There was a conference on progressive religion recently in Melbourne called Common Dreams II – the first Common Dreams conference was held in Sydney about 3 years ago. Mae and I joined hundreds of others at the St. Kilda Town Hall to hear a number of excellent speakers, including Val Webb, and to participate in various workshops. Margaret Mayman, a Minister from New Zealand, presented one of the sessions that I found particularly helpful. She spoke of the importance of honouring our heritage while reaching out in contemporary ministry. She described it as combining the poetic and the prophetic.

I like the phrase “poetic and prophetic” very much because it speaks to me of the importance of rediscovering the language of the soul – the mystery, the awe and the wonder of God – things not seen with the eyes but experienced in the heart. It speaks of the importance of honouring the scriptures – those sacred accounts of people’s encounters with God – while taking seriously the contemporary stories of our own journey, yours and mine. It speaks to me of interpreting our heritage (the poetry) in order to act and speak authentically for God in the present (the prophetic).

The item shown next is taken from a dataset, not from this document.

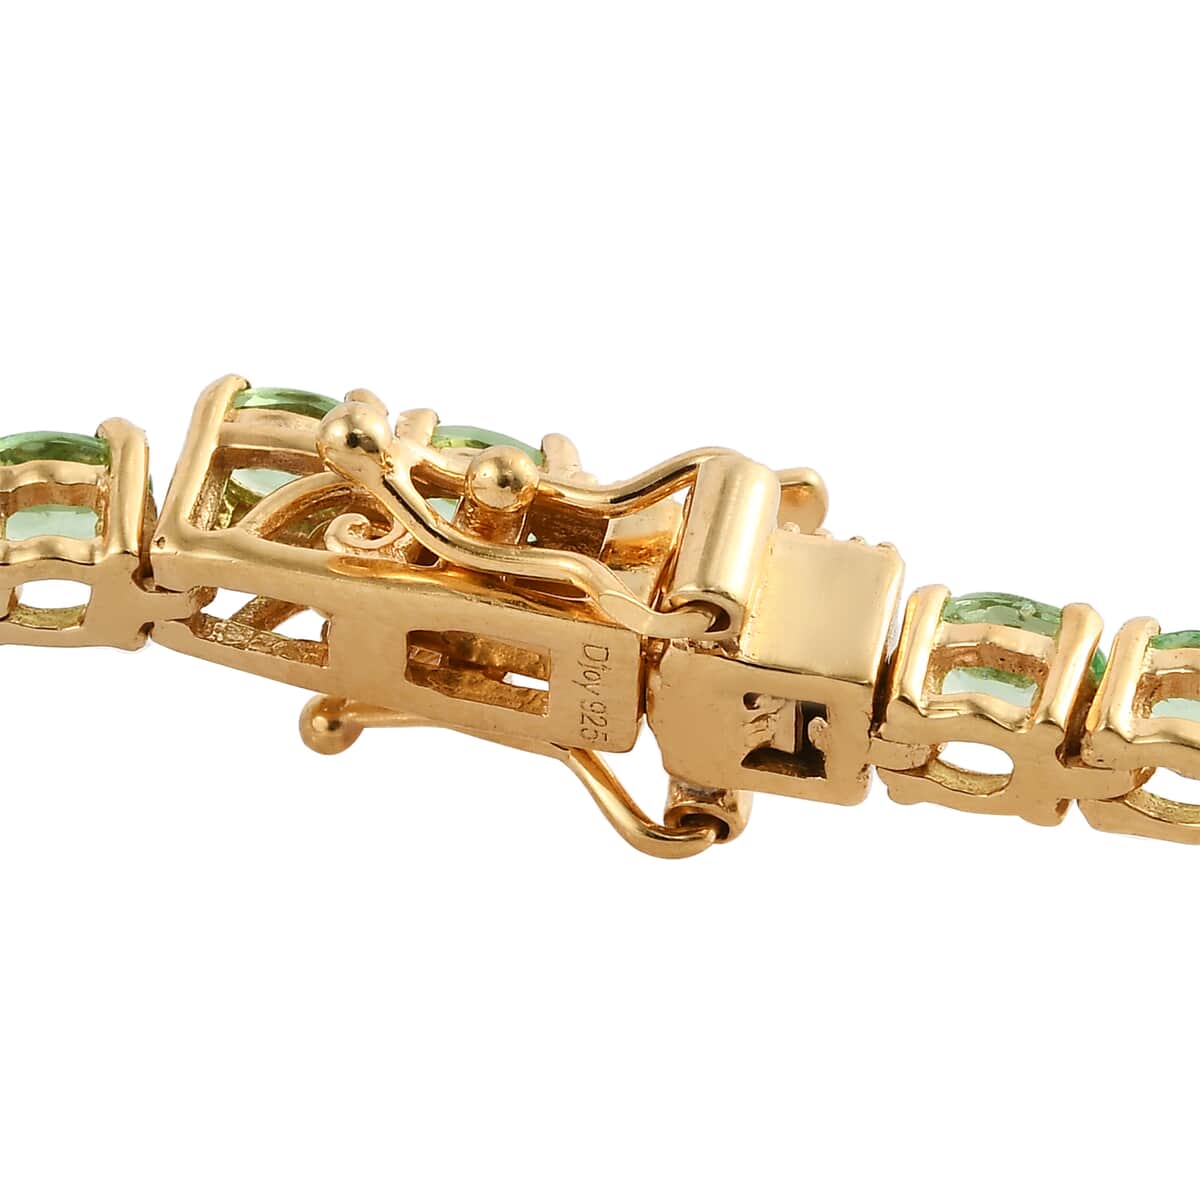 Natural Tsavorite Garnet Tennis Bracelet in Vermeil Yellow Gold Over Sterling Silver (7.25 In) 9.75 Grams 7.35 ctw image number 3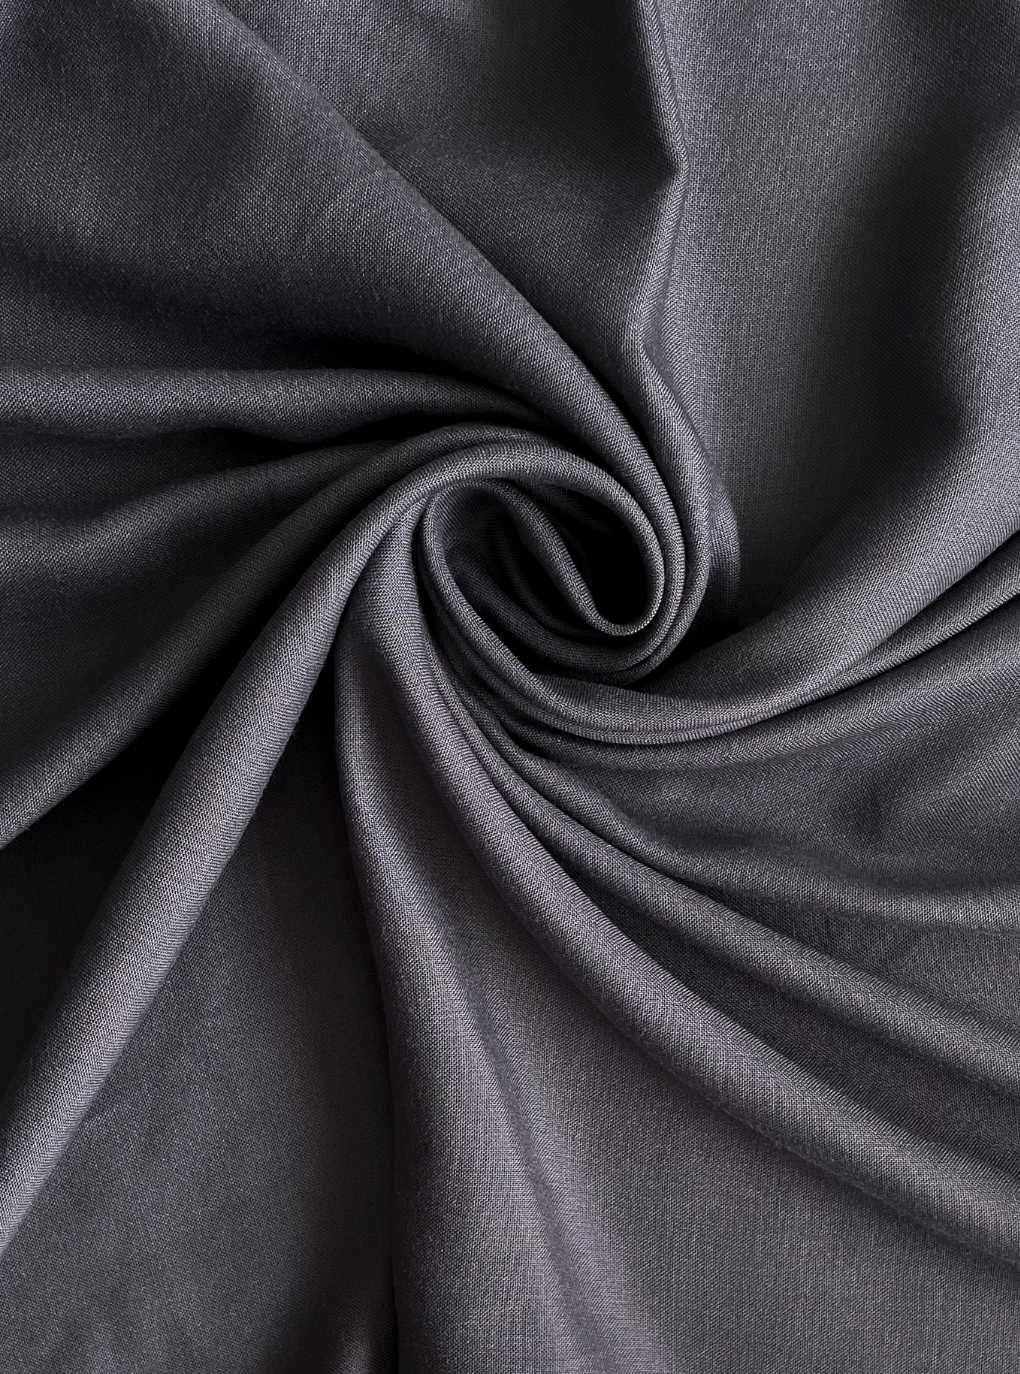 Fabric Pandit Cut Piece (CUT PIECE) Charcoal Grey Color Pure Rayon Fabric

Today’s gospel reading (John 14:8-17, 25-27) is part of Jesus’ farewell discourse to his disciples. As with the Pentecost account, it too speaks of empowerment for authentic ministry. I want to very briefly draw attention to two of its features:

The term rendered as Advocate is often, and probably better, understood as Counselor. The promised Spirit is God’s powerful and nurturing presence, given to the disciples in the wake of Jesus’ departure. The Counselor enables them to keep his commandments – to undertake concrete deeds of mercy and faithful obedience.

The Spirit teaches – it is the Spirit of truth. The Spirit enables the community to remember its links with Jesus. It forces a reality check – prodding, needling, and cajoling the community to embrace its true mission as the people of God.

These two elements – Spirit and truth – appear in every vital Christian community. The accents and styles may be different, but both are present wherever authentic Christian testimony is practiced. The same Spirit that animates all life inspires the community. Whether felt as the fire in the heart or as a gentle prompting to be honest, God’s Spirit enlivens all true testimony and all true worship. Any time we gather in the togetherness of the Spirit we bear witness to God’s transformative power in our midst.

Margaret Mayman puts it this way – religion does not transcend life, it transforms it. Isn’t that a great phrase – religion does not transcend life, it transforms it. God is in the here and now, encouraging, uplifting, consoling and transforming life.

Which brings us to another way of understanding the church’s mission. I believe a primary mission for the church today is to provide a safe place for people simply to be. A place where they can have real conversations about the faith, where their particular journey is honoured, where alternative images of the divine can be explored in honesty and without fear, and where they can be brought into a continually deepening understanding of the loving heart and mind of Christ. In short, where they are offered “the bread of life” and “living water”.

Let us pray:
Send once again, O Holy Spirit, those ancient tongues of fire upon this gathering. And just as at Pentecost you brought forth a new creation, so now help us to be a transformative movement, not a static institution. Touch our tongues that we may always be speaking the language of the gospel – which is love. Amen.